JAM’s Fuzz Phrase Fuzz Face homage is well-known to collectors in its now very expensive and discontinued germanium version, but this silicon variation is a ripper. If you love Gilmour’s sustaining, wailing buzzsaw tone in Pompeii, you’ll dig this big time. But its ’66 acid-punk tones are killer, too, especially if you get resourceful with guitar volume and tone. And while it can’t match its germanium-transistor-equipped equivalent for dynamic response to guitar volume and tone settings or picking intensity, it does not have to operate full-tilt to sound cool. There are plenty of overdriven and near-clean tones you can get without ever touching the pedal itself.
Great Grape! It’s Purple JAM, Man!
Like any Fuzz Face-style stomp worth its fizz, the Fuzz Phrase Si is silly simple. The gain knob generally sounds best at maximum, though mellower settings make clean sounds easier to source. The output volume control ranges to speaker-busting zones. But there’s also a cool internal bias trimmer that can summon thicker or thin and raspy variations on the basic voice, which opens up the possibility of exploring more perverse fuzz textures. The Fuzz Phrase Si’s pedal-to-the-metal tones—with guitar volume and pedal gain wide open—bridge the gap between mid-’60s buzz and more contemporary-sounding silicon fuzzes like the Big Muff. And guitar volume attenuation summons many different personalities from the Fuzz Phrase Si—from vintage garage-psych tones with more note articulation and less sustain (great for sharp, punctuated riffs) as well as thick overdrive sounds.
If you’re curious about Fuzz Face-style circuits because of the dynamic response in germanium versions, the Fuzz Phrase Si performs better in this respect than many other silicon variations, though it won’t match the responsiveness of a good germanium incarnation. For starters, the travel you have to cover with a guitar volume knob to get tones approaching “clean” (a very relative term here) is significantly greater than that required by a good germanium Fuzz Face clone, which will clean up with very slight guitar volume adjustments. This makes precise gain management with guitar controls harder.
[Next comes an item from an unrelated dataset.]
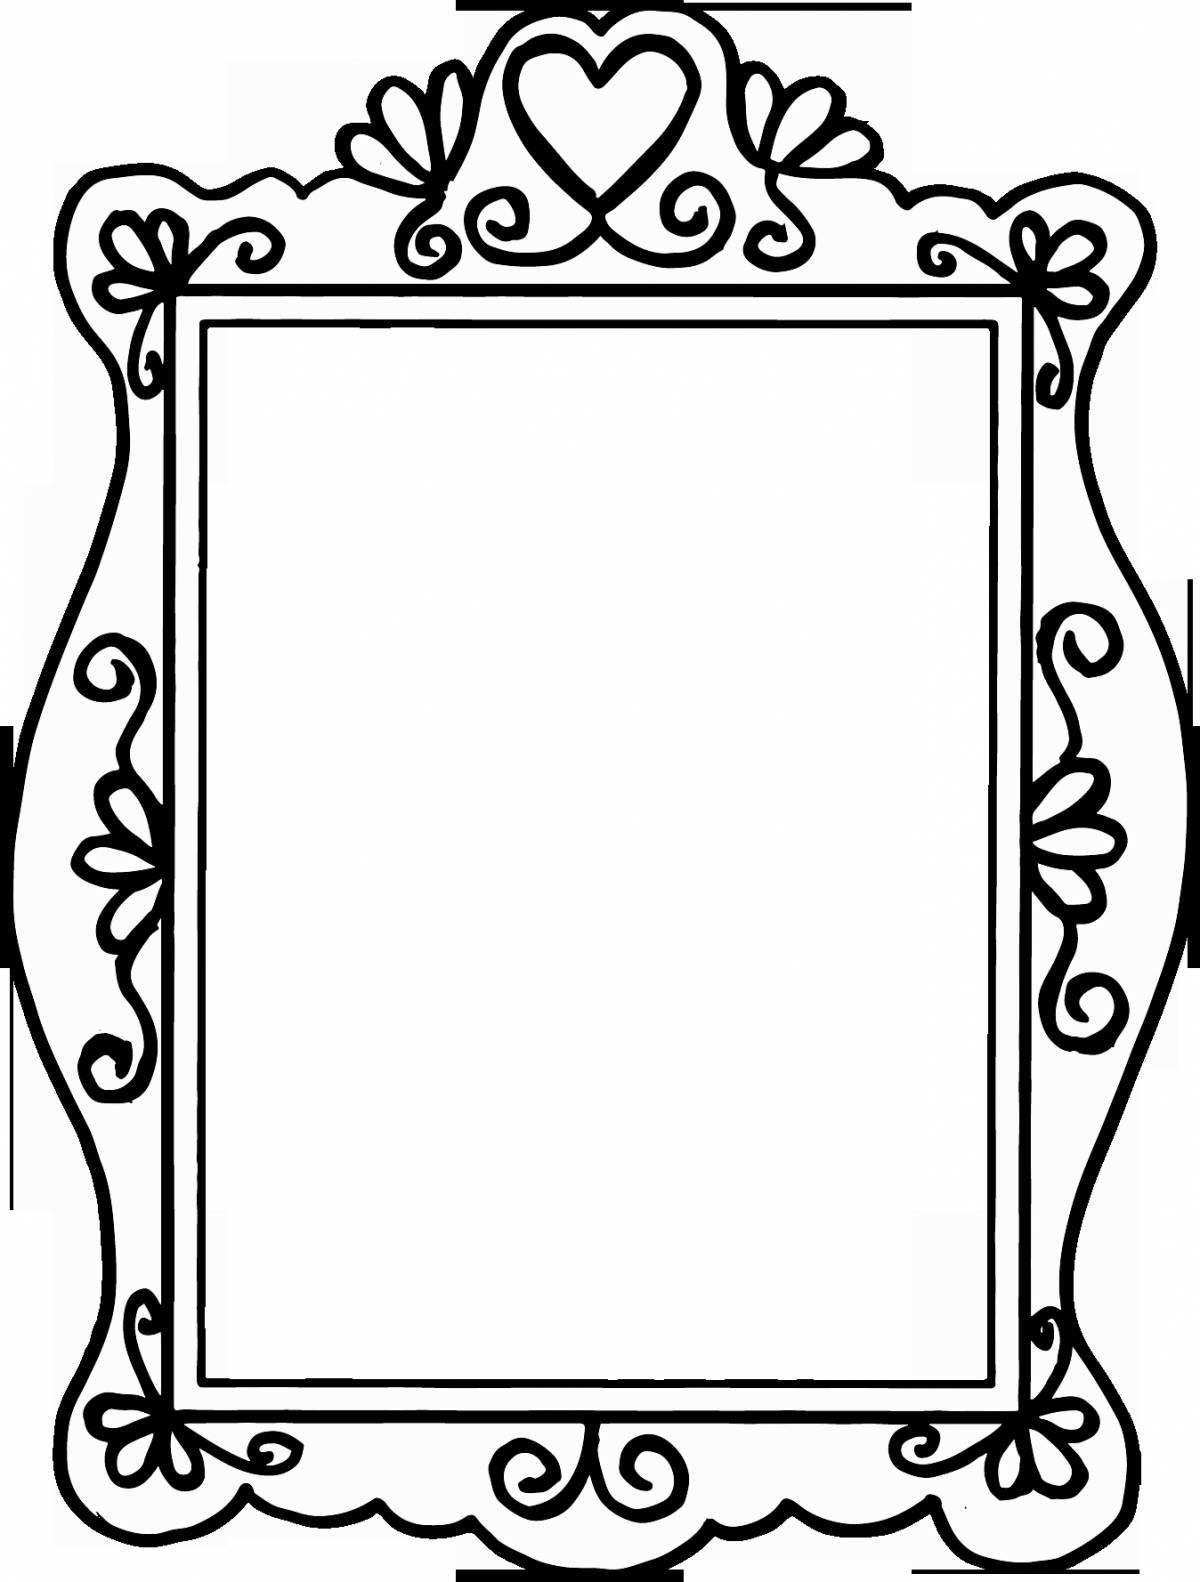 Blissful Mirror Coloring Page for Children

And in situations where you have to move fast, you may be inclined to just switch the pedal off rather than attempt a dirty-to-clean shift with the guitar volume.
“The best clean-ish tones come via humbuckers and a high-headroom amp with not too much midrange, which makes a PAF-and-black-panel-Fender combination a great fit.”
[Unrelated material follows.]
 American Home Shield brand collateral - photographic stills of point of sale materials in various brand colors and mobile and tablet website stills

The best clean-ish tones come via humbuckers and a high-headroom amp with not too much midrange, which makes a PAF-and-black-panel-Fender combination a great fit if you’re out to extract maximum dirty-to-clean range. You don’t need to attenuate your guitar volume as much with the PAF/black-panel tandem, and you can get pretty close to bypassed tone if you reduce picking intensity and/or switch from flatpick to fingers and nails. Single-coil pickups make such maneuvers more difficult. They tend to get thin in a less-than-ideal way before they shake the dirt, and they’re less responsive to the touch dynamics that yield so much range with PAFs. If you’re less interested in thick, clean tones, though, single-coils are a killer match for the Fuzz Phrase Si, yielding Yardbirds-y rasp, quirky lo-fi fuzz, and dirty overdrive that illuminates chord detail without sacrificing attitude. Pompeii tones are readily attainable via a Stratocaster and a high-headroom Fender amp, too, when you maximize guitar volume and pedal gain. And with British-style amps those same sounds turn feral and screaming, evoking Jimi’s nastiest.
The Verdict
Like every JAM pedal I’ve ever touched, the JAM Fuzz Phrase Si is built with care that makes the $229 price palatable. Cheaper silicon Fuzz Face clones may be easy to come by, but I’m hard-pressed to think they’ll last as long or as well as the Greece-made Fuzz Phrase Si. Like any silicon Fuzz Face-inspired design, what you gain in heat, you trade in dynamics. But the Si makes the best of this trade, opening a path to near-clean tones and many in-between gain textures, particularly if you put PAFs and a scooped black-panel Fender amp in the mix. And if streamlining is on your agenda, this fuzz’s combination of simplicity, swagger, and style means paring down pedals and controls doesn’t mean less fun.